The present invention is described in detail above. It will be apparent to those skilled in the art that the present invention can be practiced in a wide range of equivalent parameters, concentrations, and conditions without departing from the spirit and scope of the invention and without undue experimentation. While the invention has been described with respect to specific embodiments, it will be appreciated that the invention may be further modified. In general, this application is intended to cover any variations, uses, or adaptations of the invention following, in general, the principles of the invention and including such departures from the present disclosure as come within known or customary practice within the art to which the invention pertains. The application of some of the basic features may be done in accordance with the scope of the claims that follow.

Claims (10)

1. An IgG antibody consisting of a light chain and a heavy chain; CDR1, CDR2 and CDR3 in the heavy chain variable region in the heavy chain are set forth in SEQ ID NO:1, 26 th to 33 th, 51 th to 58 th and 97 th to 111 th are shown; CDR1, CDR2 and CDR3 in the light chain variable region in the light chain are set forth in SEQ ID NO:4, 27 th to 38 th, 56 th to 58 th and 95 th to 103 th.

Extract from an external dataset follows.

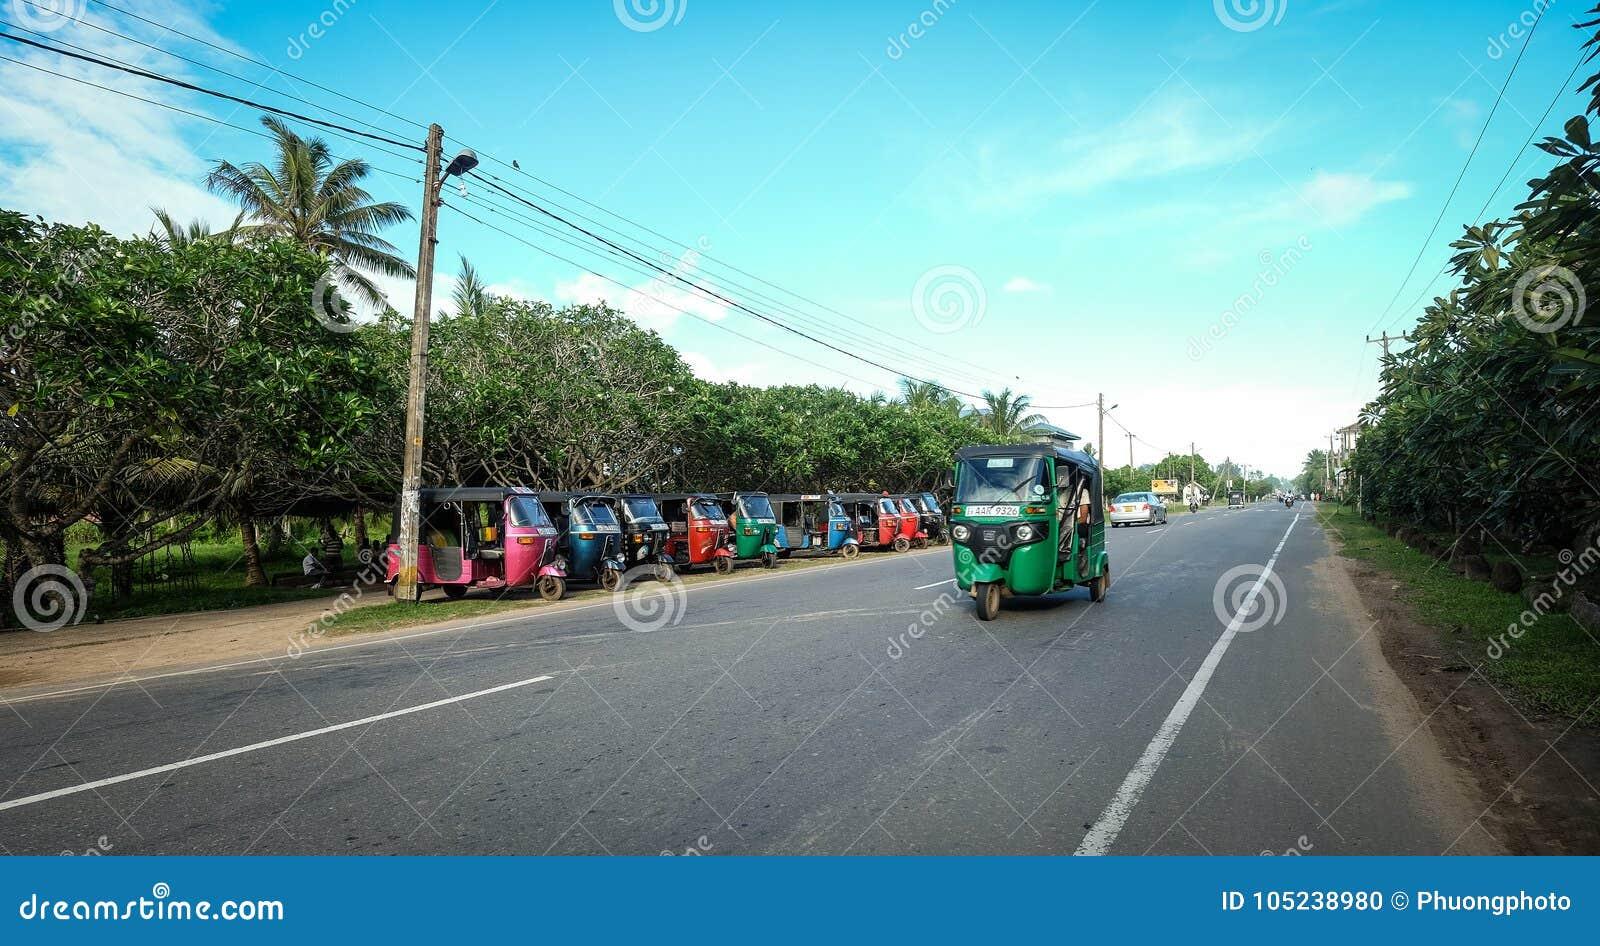 Free Images : landscape, tree, highway, mountain range, asphalt, autumn, lane, road trip

2. The IgG antibody of claim 1 wherein:

the heavy chain variable region is shown in SEQ ID NO:1 is shown in the specification;

the light chain variable region is shown in SEQ ID NO: 4.

3. The IgG antibody of claim 2 wherein:

the heavy chain is as follows (a) or (b): (a) SEQ ID NO:2 from position 20 to 471; (b) SEQ ID NO: 2;

the light chain is as follows (c) or (d): (c) SEQ ID NO:5 from position 20 to 239; (d) SEQ ID NO: 5.

4. A gene encoding the IgG antibody of any one of claims 1 to 3.

5. Use of an IgG antibody as claimed in claim 1 or 2 or 3 in the manufacture of a medicament for inhibiting novel coronaviruses.

6. A medicament for inhibiting novel coronaviruses, which comprises the IgG antibody of claim 1, 2 or 3 as an active ingredient.

7. Use of an IgG antibody as claimed in claim 1 or 2 or 3 in the manufacture of a medicament for neutralising a novel coronavirus.

8. A medicament for neutralizing a novel coronavirus, which comprises the IgG antibody of claim 1 or 2 or 3 as an active ingredient.

9. Use of an IgG antibody according to claim 1 or 2 or 3 for the manufacture of a medicament for the prevention and/or treatment of a neocrown infection.

10. A medicament for preventing and/or treating a neocrown infection, which comprises the IgG antibody of claim 1 or 2 or 3 as an active ingredient.